US to return Iraqi archives of Jewish expulsion, Anfal campaign to Baghdad in 2021

Iraq’s minister of culture announced on Sunday that the historical document collections archiving Iraq's mass deportation of Jews in the mid-20th century and the Anfal campaign against the Kurds in the 1980s will be returned by the United States to Iraq in 2021.

ERBIL (Kurdistan 24) – Iraq’s minister of culture announced on Sunday that the historical document collections archiving Iraq's genocidal 1980s Anfal campaign against the Kurds and the mass deportation of Jews from the country in the mid-20th century will be returned by the United States to Iraq in 2021.

According to Minister Abdulamir al-Hamdani, the Iraqi Foreign Ministry has signed an agreement with US officials to bring back both the Anfal documents, now in North Carolina, and those from the Jewish deportation, stored in Washington.

“The two archives will be retrieved and displayed in the headquarters of the [Iraqi] Criminal Court,” he said.

“The archives have been digitized, but the hard copy of the document is going to be displayed in several states in the US. After that, they will be returned to Baghdad, as it is within our rights.”
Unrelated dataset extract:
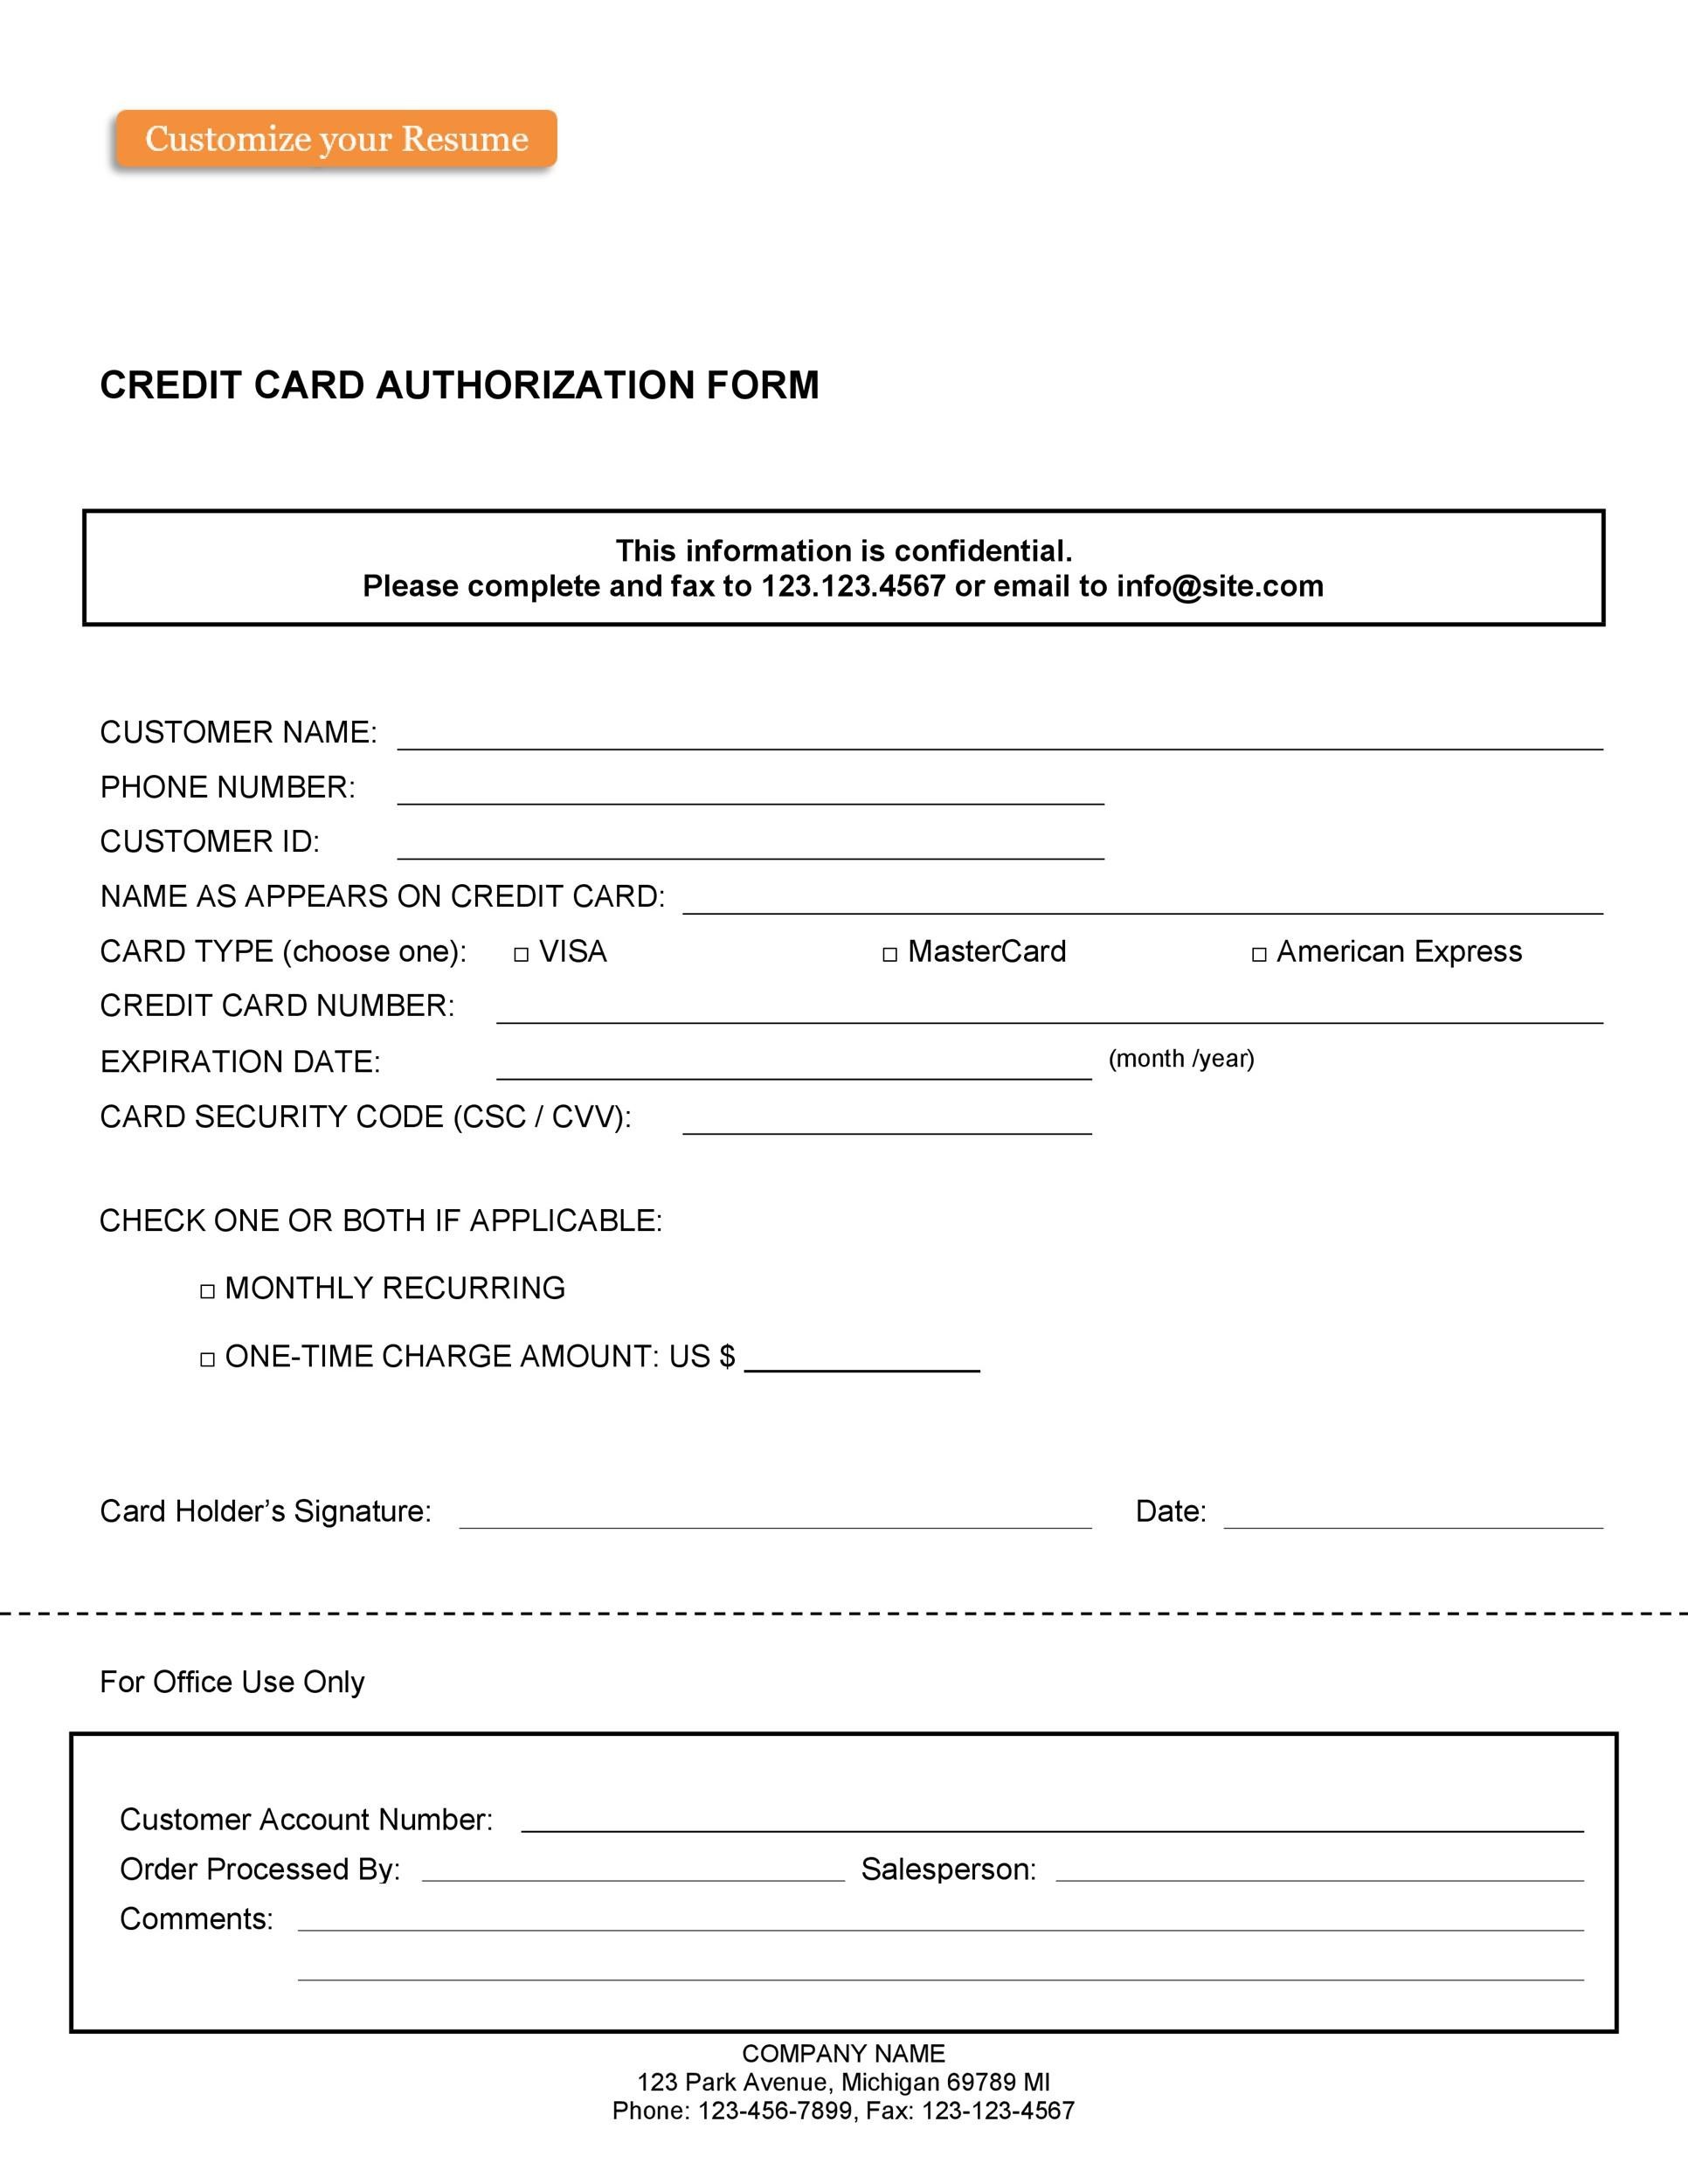 Credit Card Authorization Form Template Pertaining To Order Form With Credit Card Template

Hamdani pointed out that the Jewish archives “contain detailed state documents for every individual that has been forcibly deported.” He dismissed theories previously voiced by some that they had been tampered with, saying “allegations that someone stole them and then published forged copies are false.”

The history of the Jews in Iraq goes back to King Nebuchadnezzar of the Babylon dynasty.

Following the post-WWII creation of Israel in 1948 and subsequent regional military conflicts, some Middle Eastern nations including Iraq reacted by expelling their Jewish communities. Between 1950 and 1952, Iraq deported roughly 125,000 Jews by airplane to Israel, revoking their Iraqi citizenship and permitting each to bring only one bag with them.

Decades later during the Iran-Iraq war, the regime under Saddam Hussein undertook the Anfal campaign, now commonly recognized as an act of genocide against ethnic Kurds. Led by the infamous Ali Hassan al-Majid, also known as “Chemical Ali,” the operation resulted in the deaths of up to 182,000 ethnic Kurds.

A large number of people, including women and children, were forcefully displaced, many transferred to camps in southern Iraq where the government killed them and consigned them to mass graves and burying others alive in the desert. 

In July, a mass grave was discovered in the southern city of Samawa that contains the remains of Kurdish civilians killed as part of the Anfal.